Uber Case Study: Choosing the Right HDFS File Format for Your Apache Spark Jobs

Scott Short
12 min readintermediate
--
View Original

Overview

This article discusses Uber's approach to selecting the appropriate HDFS file formats for processing large volumes of imagery and metadata using Apache Spark. It highlights the advantages and disadvantages of different file formats, including SequenceFiles, Avro, and Parquet, and provides insights into optimizing data processing workflows.

What You'll Learn

1

How to choose the right file format for processing large datasets in Apache Spark

2

Why SequenceFiles are preferred for ingesting raw data into HDFS

3

When to use Avro for intermediate data processing in Spark jobs

4

How to optimize final output formats for efficient querying and filtering

Prerequisites & Requirements

  • Understanding of Apache Spark and HDFS
  • Familiarity with file formats such as Avro and Parquet(optional)

Key Questions Answered

What file formats does Uber use for processing imagery and metadata?
Uber utilizes SequenceFiles for ingesting data, Avro for intermediate data processing, and Parquet for final output.
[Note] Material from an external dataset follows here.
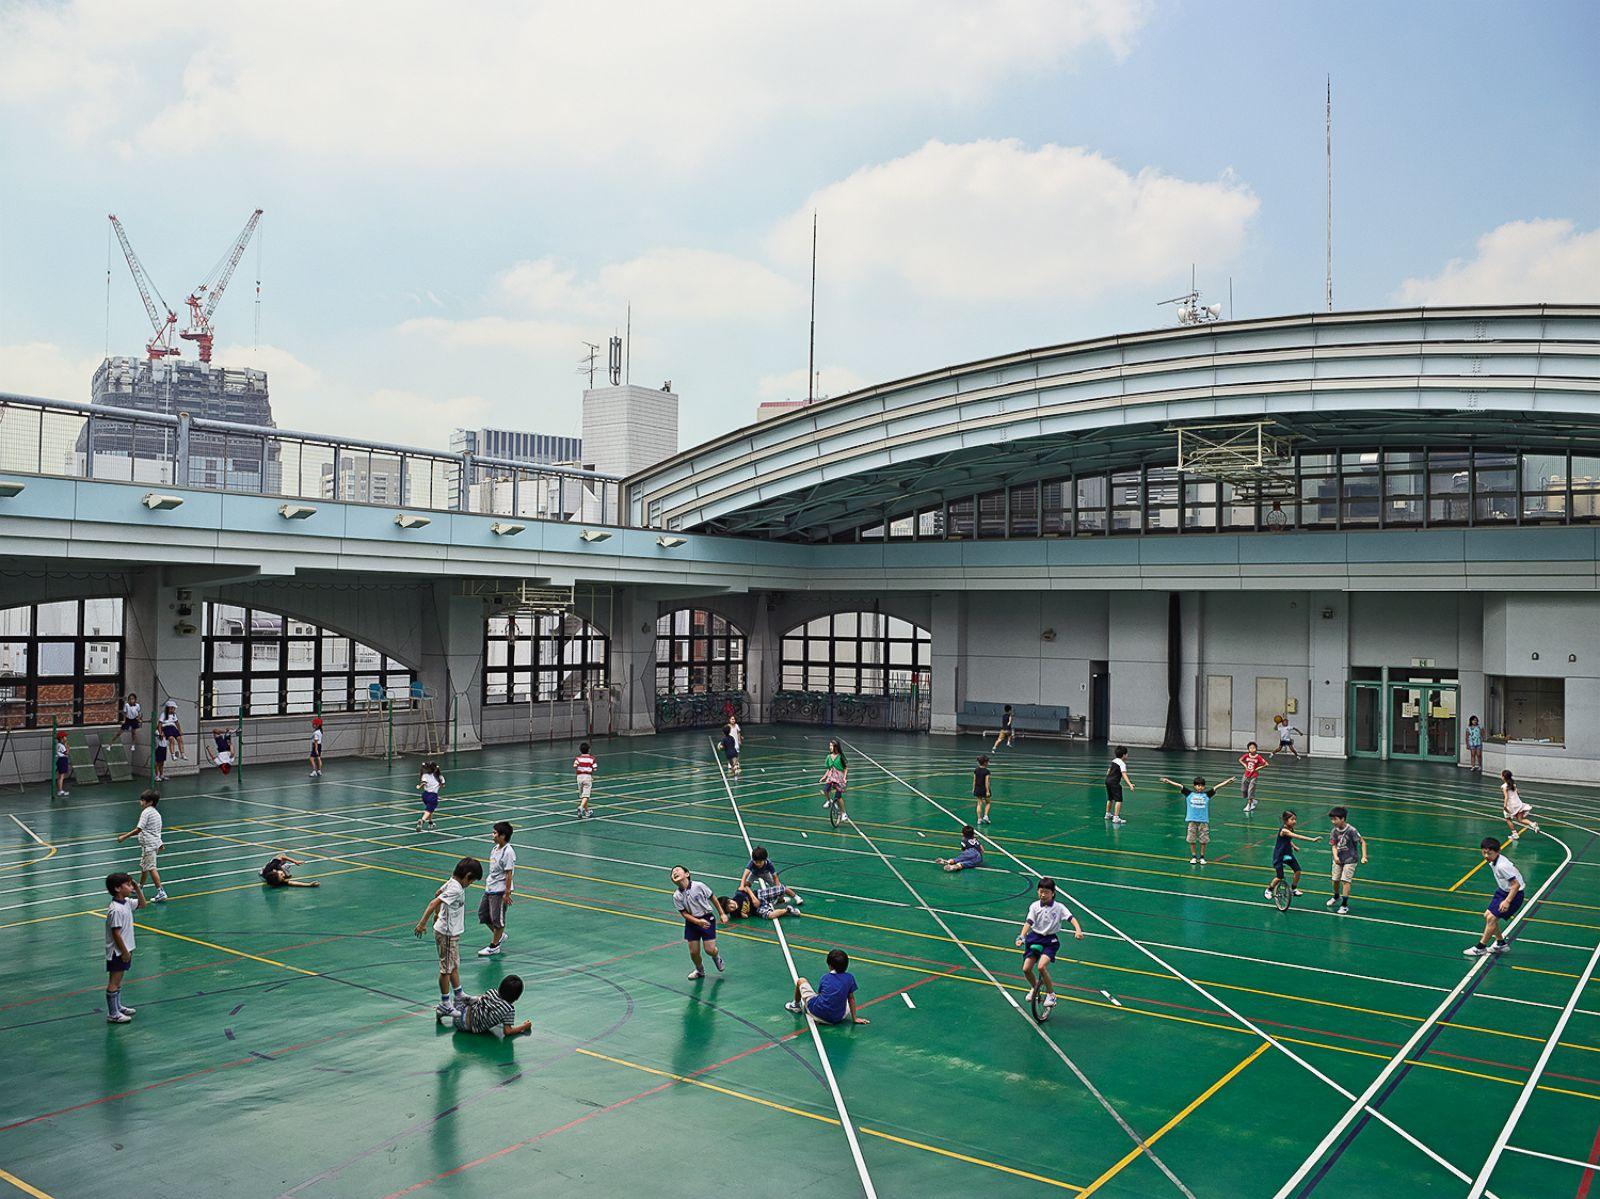 ht_MOLLISON_PLAYGROUND_JAPAN_Shohei_wg_150409_4x3_1600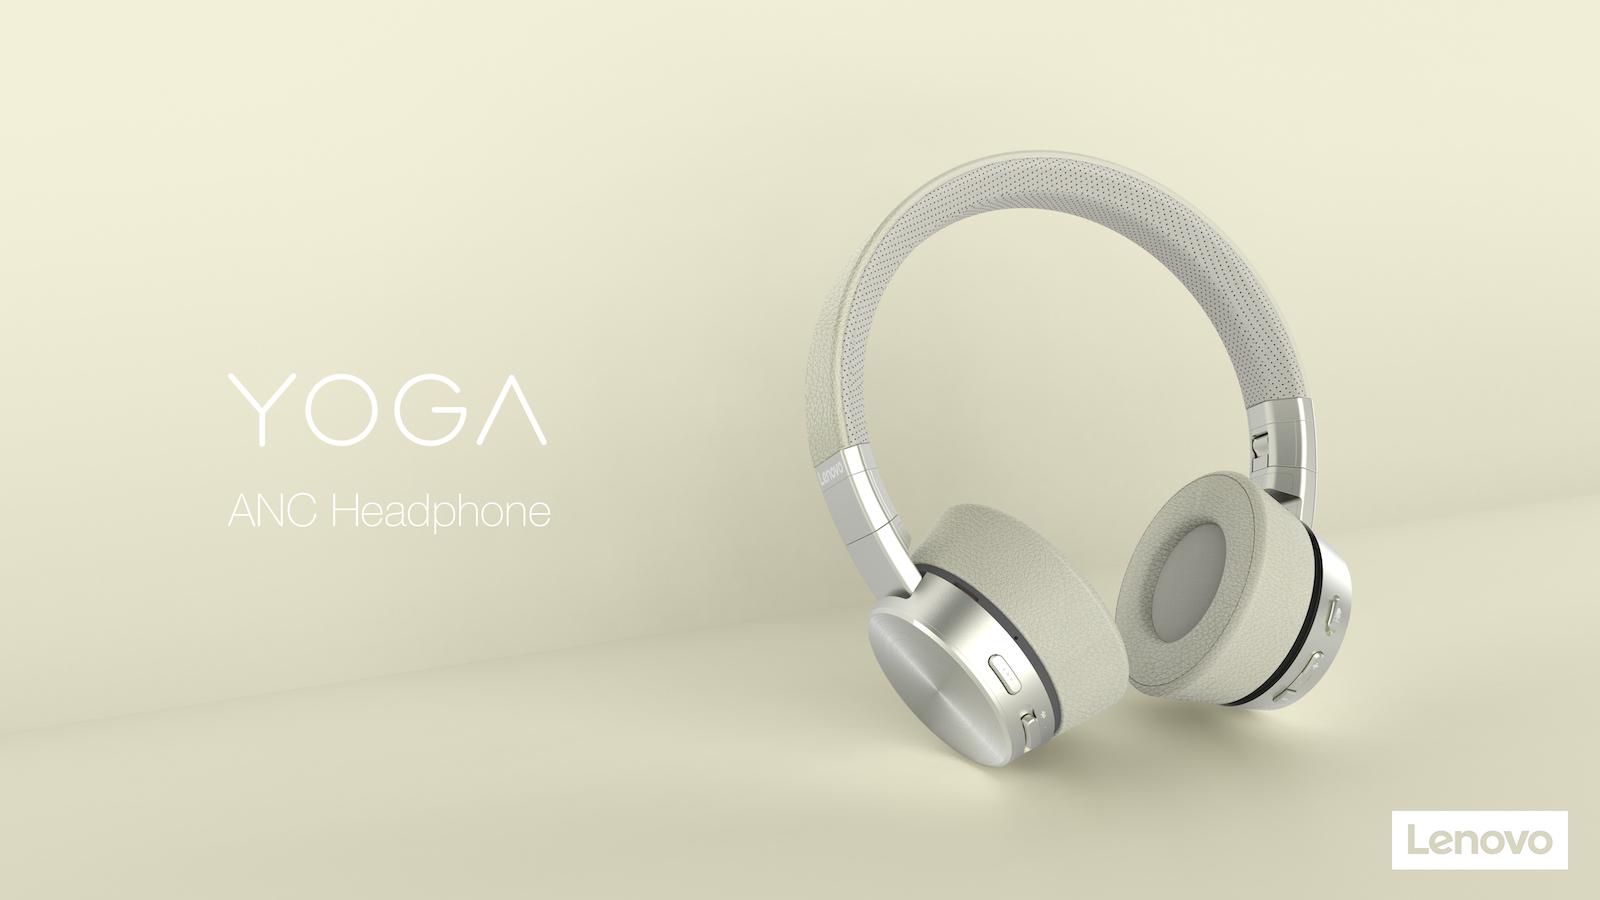 Lenovo Yoga ANC Headphones image 1

Each format is chosen based on its strengths in handling specific types of data and processing requirements.
How does the choice of file format impact data processing performance?
The choice of file format significantly affects performance metrics such as write speed, query execution time, and I/O consumption. For instance, Parquet can reduce I/O by up to 92.5% compared to Avro during queries, enhancing overall efficiency.
When should Avro be used instead of Parquet?
Avro is preferred for intermediate data when the data is written once and read once without filtering. This is due to its lower write overhead compared to Parquet, which is more resource-intensive for large binary data.
What are the benefits of using Parquet for final output?
Parquet provides efficient querying and filtering capabilities due to its columnar storage format, which allows for better compression and faster read times compared to row-based formats like Avro.

Key Statistics & Figures

I/O consumption reduction
7.5%
Parquet consumes 7.5% of the I/O required by Avro queries, demonstrating its efficiency in data processing.
Query execution speed improvement
290%
Parquet queries executed almost three times faster than Avro queries, highlighting the performance benefits of using Parquet.

Technologies & Tools

Some links below are affiliate links. We may earn a commission if you make a purchase.

Backend
Apache Spark
Used for processing large volumes of imagery and metadata.
Storage
Hadoop Distributed File System (hdfs)
Used for storing ingested data and processed outputs.
File Format
Sequencefile
Used for efficient writes of blob data during ingestion.
File Format
Avro
Used for intermediate data processing due to its efficient write performance.
File Format
Parquet
Used for final output to optimize querying and filtering.

Key Actionable Insights

1
Choose SequenceFiles for ingesting large volumes of raw data into HDFS to optimize resource usage and processing speed.
Using SequenceFiles minimizes memory consumption on NameNodes and enhances the efficiency of Spark jobs, especially when dealing with a high number of files.
2
Utilize Avro for intermediate data processing to take advantage of its efficient write performance and schema support.
Avro's ability to handle blob data efficiently makes it suitable for scenarios where data is processed in bulk without filtering.
3
Leverage Parquet for final output to enhance query performance and reduce I/O costs.
Parquet's columnar format allows for faster data retrieval and lower resource consumption, making it ideal for analytics and reporting tasks.

Common Pitfalls

1
Using too many small files in HDFS can lead to inefficient resource utilization.
Small files increase the overhead on NameNodes and can slow down processing. It's better to consolidate data into fewer large files to enhance performance.